Of course, this news comes just as the Federal Reserve is about to embark on a rate hiking schedule that has increased in its scale and speed due to such elevated inflation readings. The wholesale price index is also concerning as it's showing that inflation expectations on the supply side are becoming unanchored even while inflation expectations on the consumer side remain muted.

The PPI data caused stocks to give up a chunk of pre-market gains which came about due to reports that Russia had relocated some troops away from the border. Treasury yields also moved higher with the 10-year above 2% and the 2-year at 1.58%, marking their highest levels since 2019.

PPI data measures inflation on the supply side and is considered a leading indicator of consumer inflation. Just like there are concerns of a wage-price spiral when the labor market is tight, there are concerns that companies could start more aggressively hiking prices if their inflation expectations get embedded as well. So far, stock market investors have rewarded companies who have been able to raise prices with no drop in demand.

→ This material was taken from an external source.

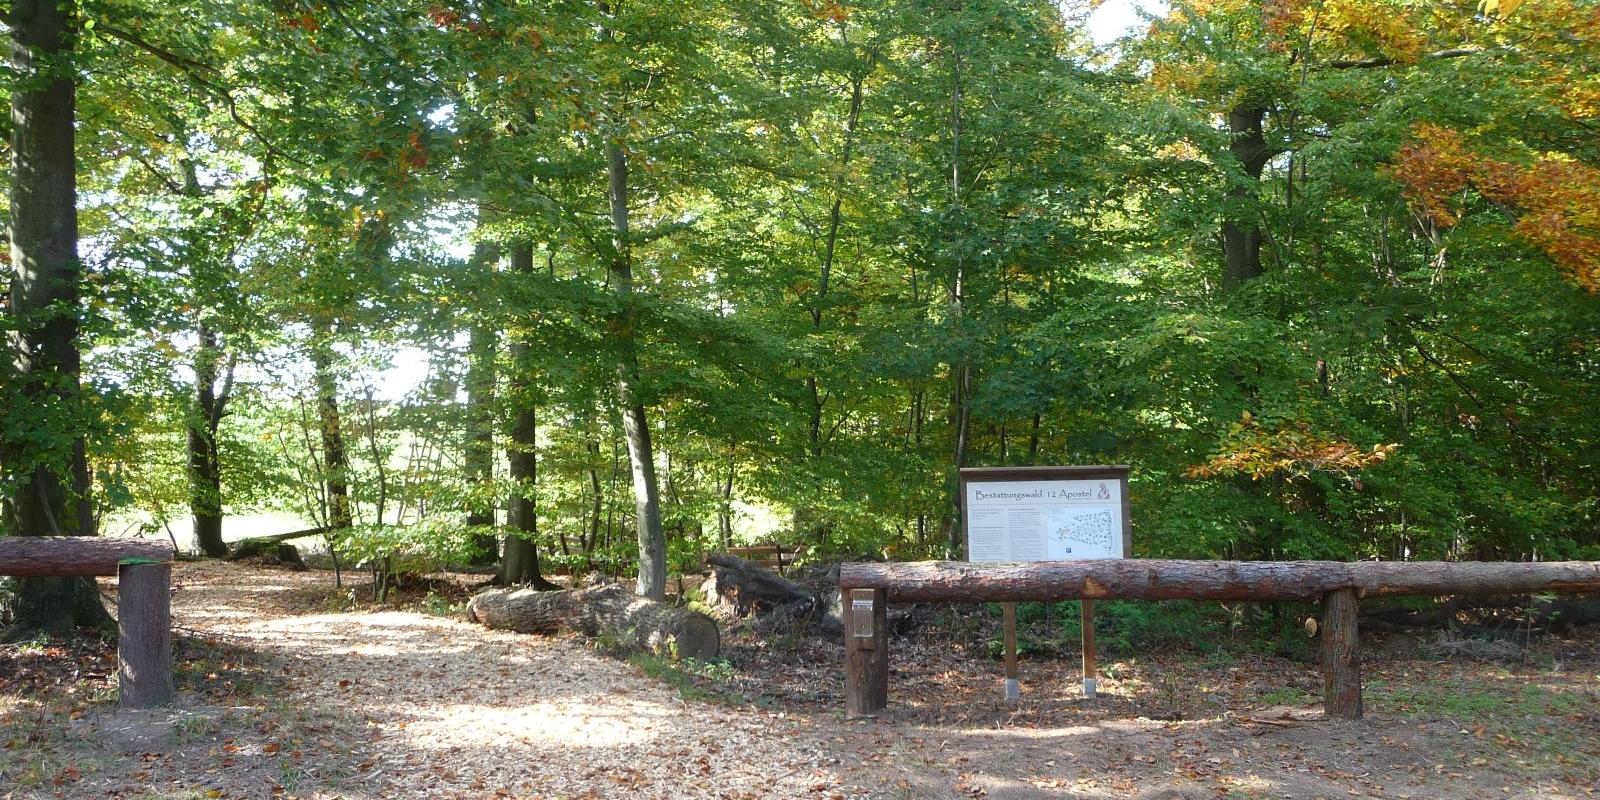 Eingang zum Bestattungswald 12 Apostel

Even the services sector is starting to see some inflationary pressures as this rose 0.7% compared to 1.3% for the goods sector. Energy prices rose 2.5%, while food prices increased 1.6%.

After the report, Fed fund futures remained unchanged, although they have sharply risen in recent weeks as the market now forecasts 7 hikes with more than a 50% chance of a 50 basis point hike in March. There are even rumors of a 75 basis point hike, multiple 50 basis point hikes, and intra-meeting hikes in addition to selling assets from the balance sheet as tools to fight inflation.

The Fed's challenge is to fight inflation without forcing the economy into a recession. What's ominous is that the Fed has never failed to bring down inflation without inducing a recession. The case for this time being an exception is that inflationary pressures ebb due to a shift to services consumption from goods consumption and relief in supply chain issues and transportation bottlenecks.